The research, conducted by the Diabetes Prevention Program Research Group in the USA, uses results from the Diabetes Prevention Program Outcomes Study (DPPOS), a long-term research programme which continues to examine long-term outcomes in patients who took part in the Diabetes Prevention Programme (DPP), a study of more than 3,000 patients, all of whom had prediabetes and were therefore at high risk of developing Type 2 diabetes .
While previous analyses of the DPP and DPPOS data have shown that lifestyle interventions and drug treatment can effectively reduce the progression to diabetes among those with prediabetes, the new analysis looks at those patients who not only did not progress to diabetes, but actually reverted to normal glucose function at some point during the study period. They found that these participants had a 56% reduction in progression to diabetes during the 5•7 year follow-up period in DPPOS regardless of how the reversion to normal glucose regulation was achieved and even when it was only transitory.
The results may have important implications for those planning diabetes reduction strategies. According to lead author Dr Leigh Perreault of the University of Colorado, USA: “Results from the present analysis would contend that the strategy is unimportant as long as the intervention is early (when someone has prediabetes) and can restore normal glucose regulation, even if transiently…This analysis draws attention to the significant long-term reduction in diabetes risk when someone with prediabetes returns to normal glucose regulation, supporting a shift in the standard of care to early and aggressive glucose-lowering treatment in patients at highest risk”.
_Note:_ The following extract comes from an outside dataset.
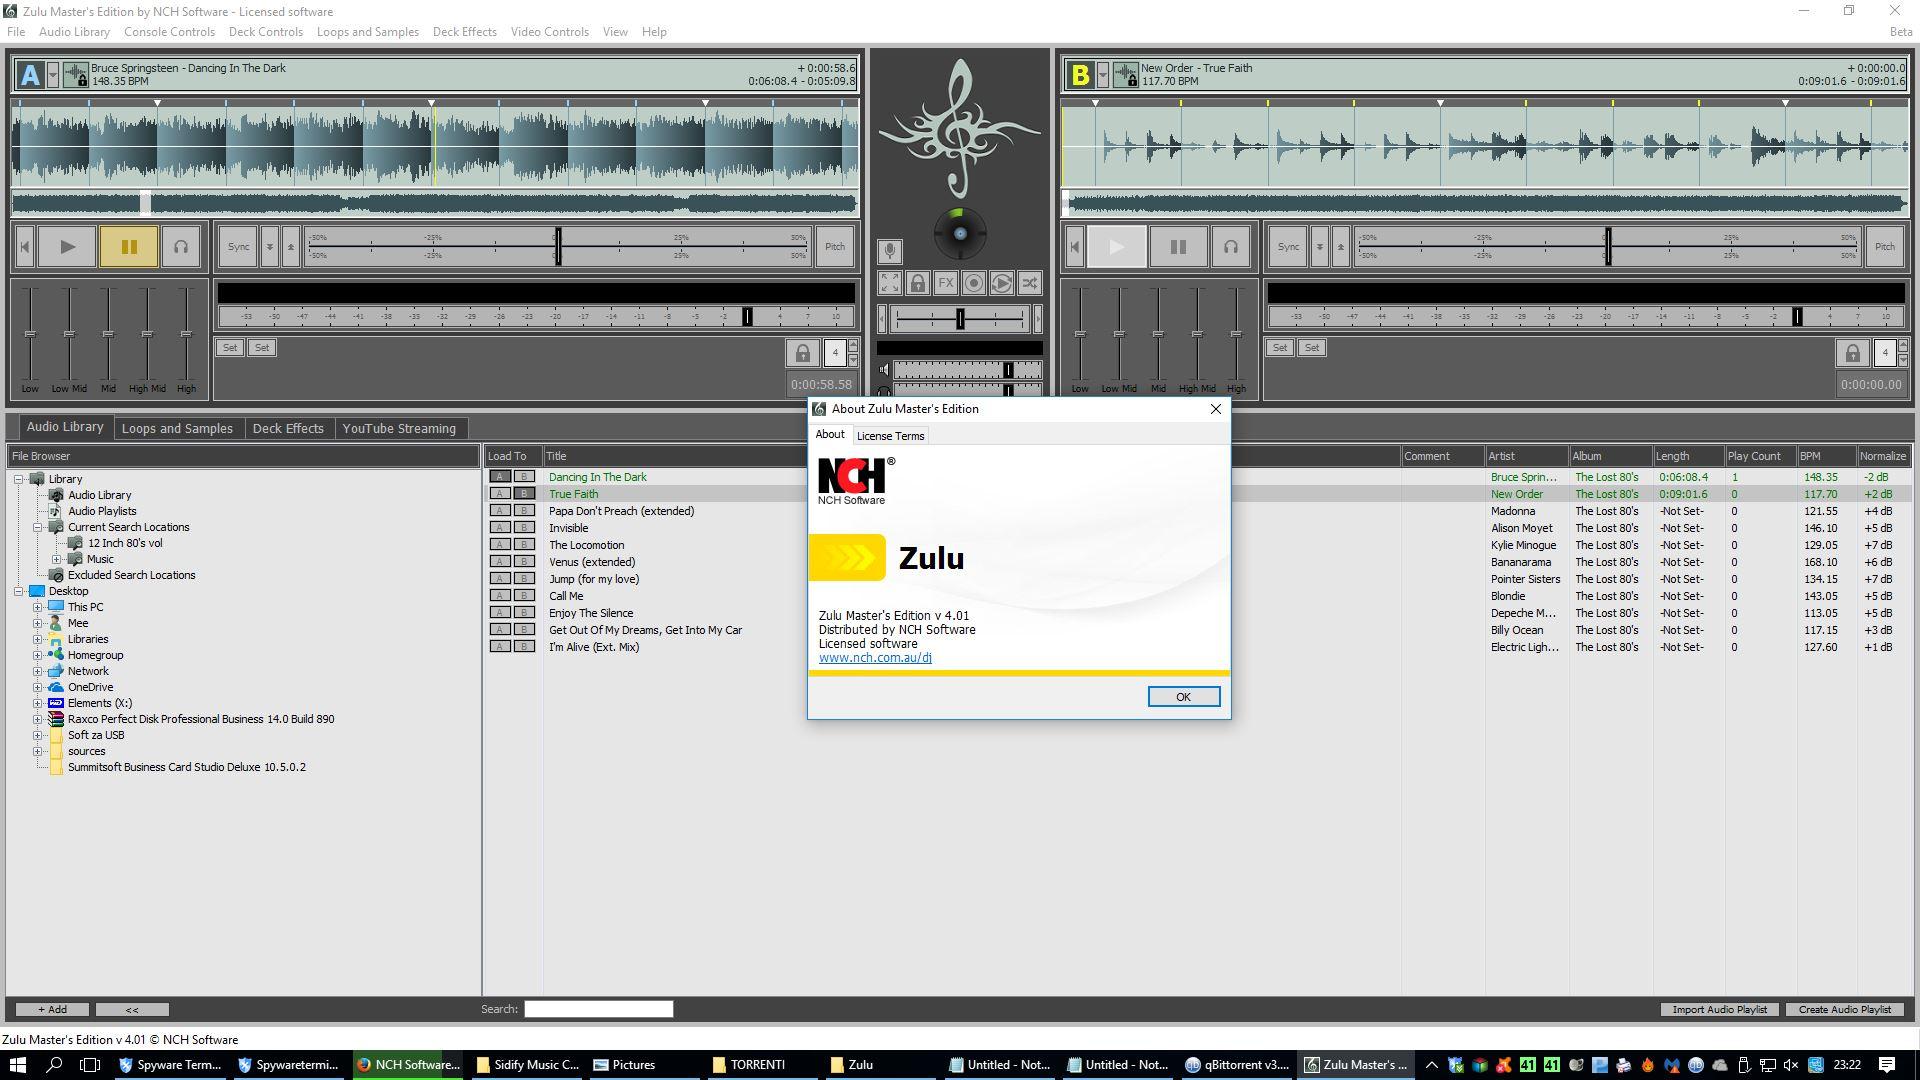 zulu dj software crack torrent

Commenting on the paper, Dr Natalia Yakubovich of McMaster University, Canada, said: “…identification of regression to normal glucose regulation could be an important way to stratify people into those at higher and lower risk of progression to diabetes. Such stratification could therefore identify individuals for whom additional treatment might be needed to prevent diabetes or to slow down disease progression”.
However, Dr Yakubovich also pointed out that further work will be needed before the findings begin to inform diabetes prevention strategies, stating that: “Factors that predict regression to normal glucose regulation, what makes this regression temporary or sustained, and whether regression reduces long-term outcomes are all questions that need further research. The results of such research might substantially change the therapeutic strategy from diabetes prevention and lifelong glucose lowering treatment to induction of regression and monitoring for relapse”.